So, a true object oriented language is the language that:
- Relies on objects (not on classes)
- Doesn’t use any other entities than referring to objects
What does it mean “relies on objects”? For example, no matter what the meaning of particular thing in the program is, all operations are defined per object, including whether the object can do it or not. So, for example, in every place where some data is required, there can be either an integer, or a string, or a file stream, or a book, or a procedure block (say, lambda function) or even a “nil” – the only limitation is that not every operation would accept it. But that’s not because of the object’s type (there’s no such thing; in some rare cases it may be its class), but rather because the operation that particular procedure would do to an object is not supported by it (“duck typing”). For example, in Smalltalk when you do a+b and assign the result to c, the + method is called for an object designated by ‘a’ with one argument, ‘b’. It really doesn’t matter what they really designate, it’s only required that the operation a+b be able to be done to them, in particular, whether + can be done to ‘a’ with ‘b’ (yes, Smalltalk supports defining operators as methods of objects, should that be of any surprise).
The “class” in such a language is only yet another object that is being used as a delegate that provides methods to be invoked when the object receives particular “message”. But the fact that the object is of some class or of a class that is derived from some class, should be rarely a checked condition.
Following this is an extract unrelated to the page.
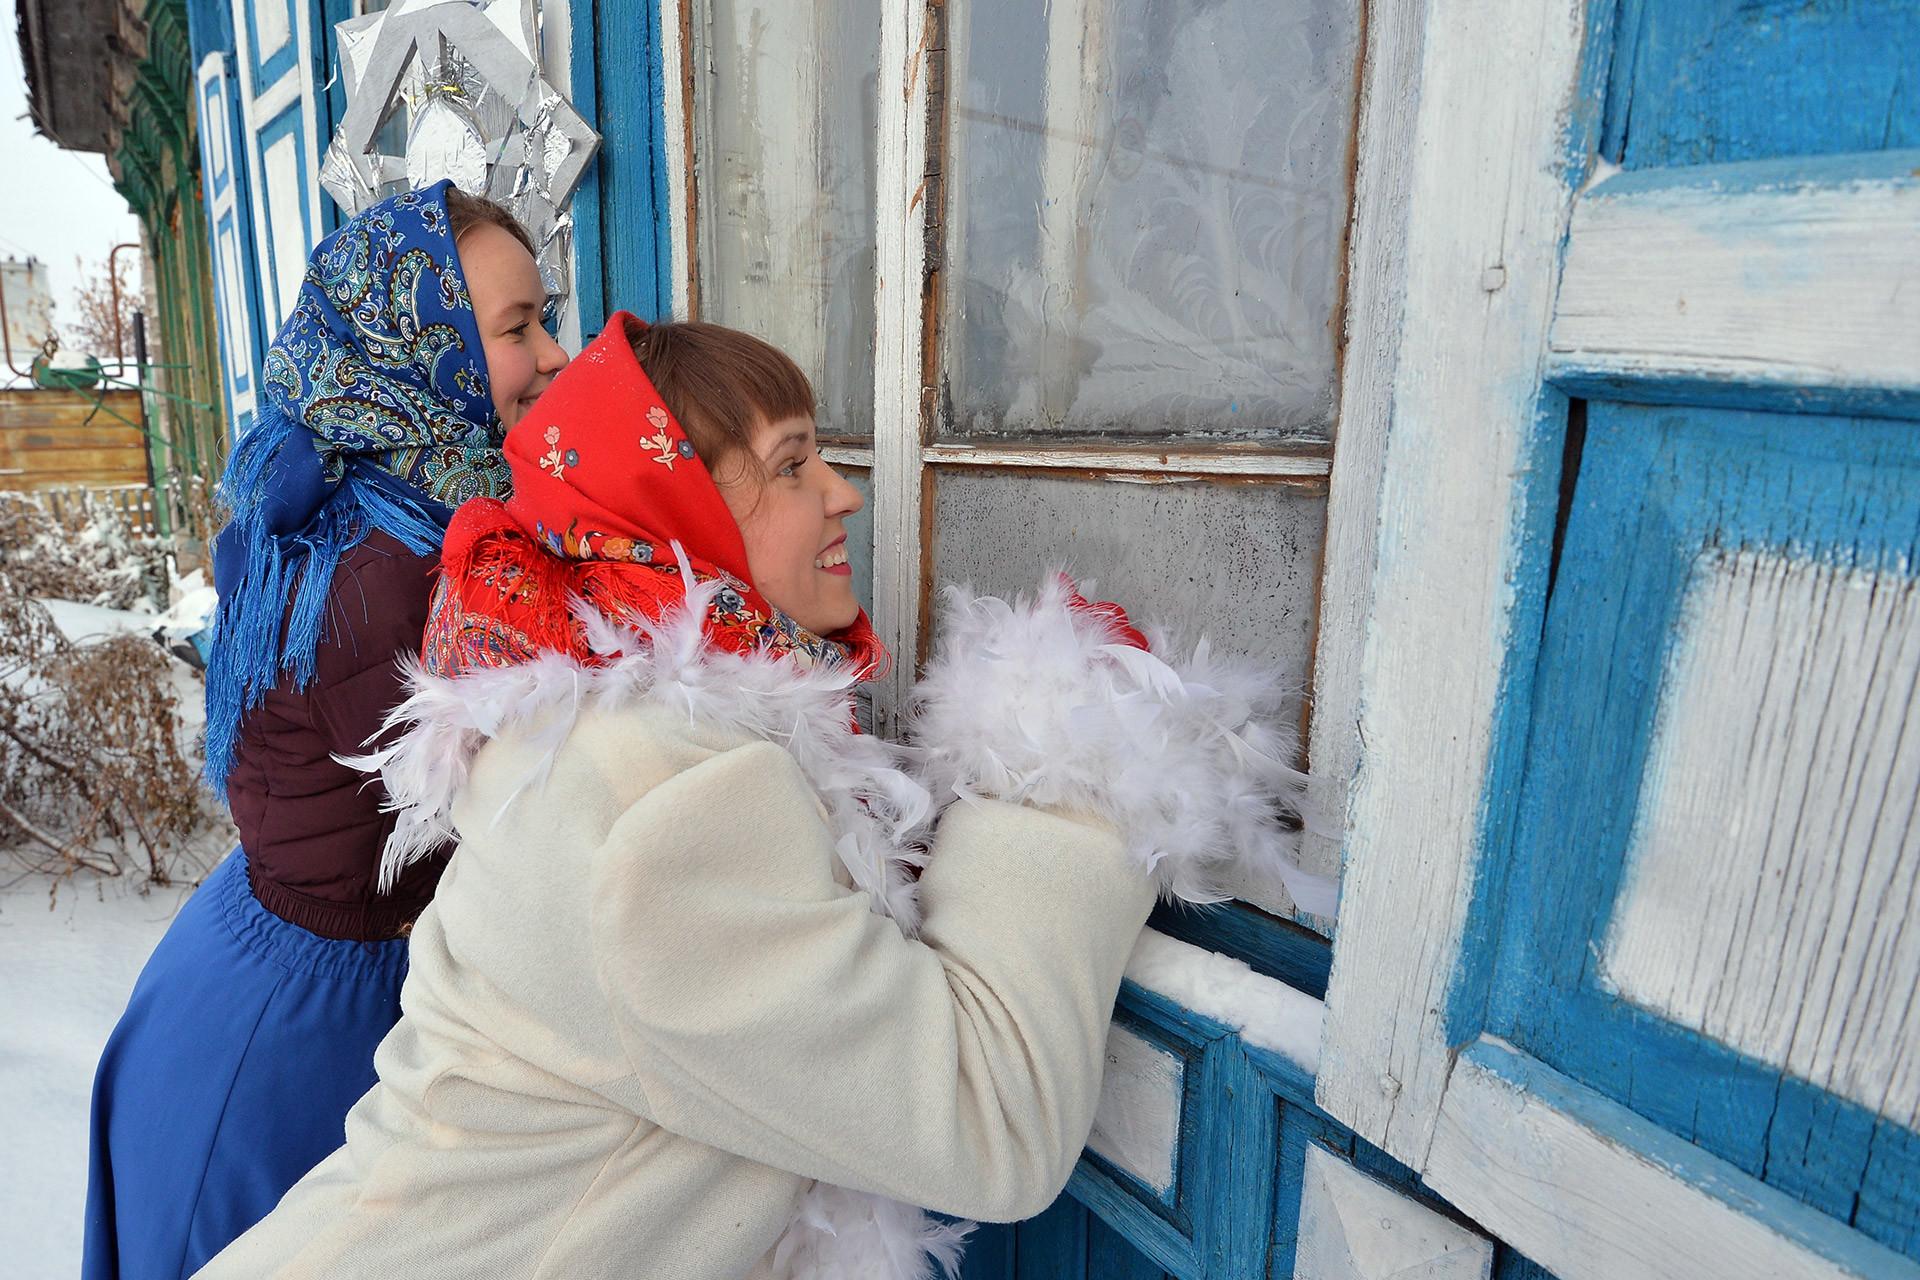 Фото ©РИА Новости/Александр Кондратюк

Maybe in some cases it may make sense to check if an object understands some set of messages (“protocol”). But usually it should be just called particular method for, with responding to an exception that it doesn’t understand it.
Second, in a true object-oriented language everything should be object, with no “exceptions”. In Smalltalk everything is object – an integer, a string, even a method, even a class, and even a “nil”, which is considered as something being “not an object” (say, a universal marker for a case when an object cannot be put in this place – it has its own unique class). If not, we may still talk about having a “true object-oriented flavor”, but not that it’s a true object-oriented language.
Third, as a consequence of relying on what object can do in response to a method call, the only typing in such a language should be dynamic typing. If you want to make use of anything that relies on objects, at least for this part of the program you should forget static types. So, whatever relies on static types, it’s not object-oriented at all.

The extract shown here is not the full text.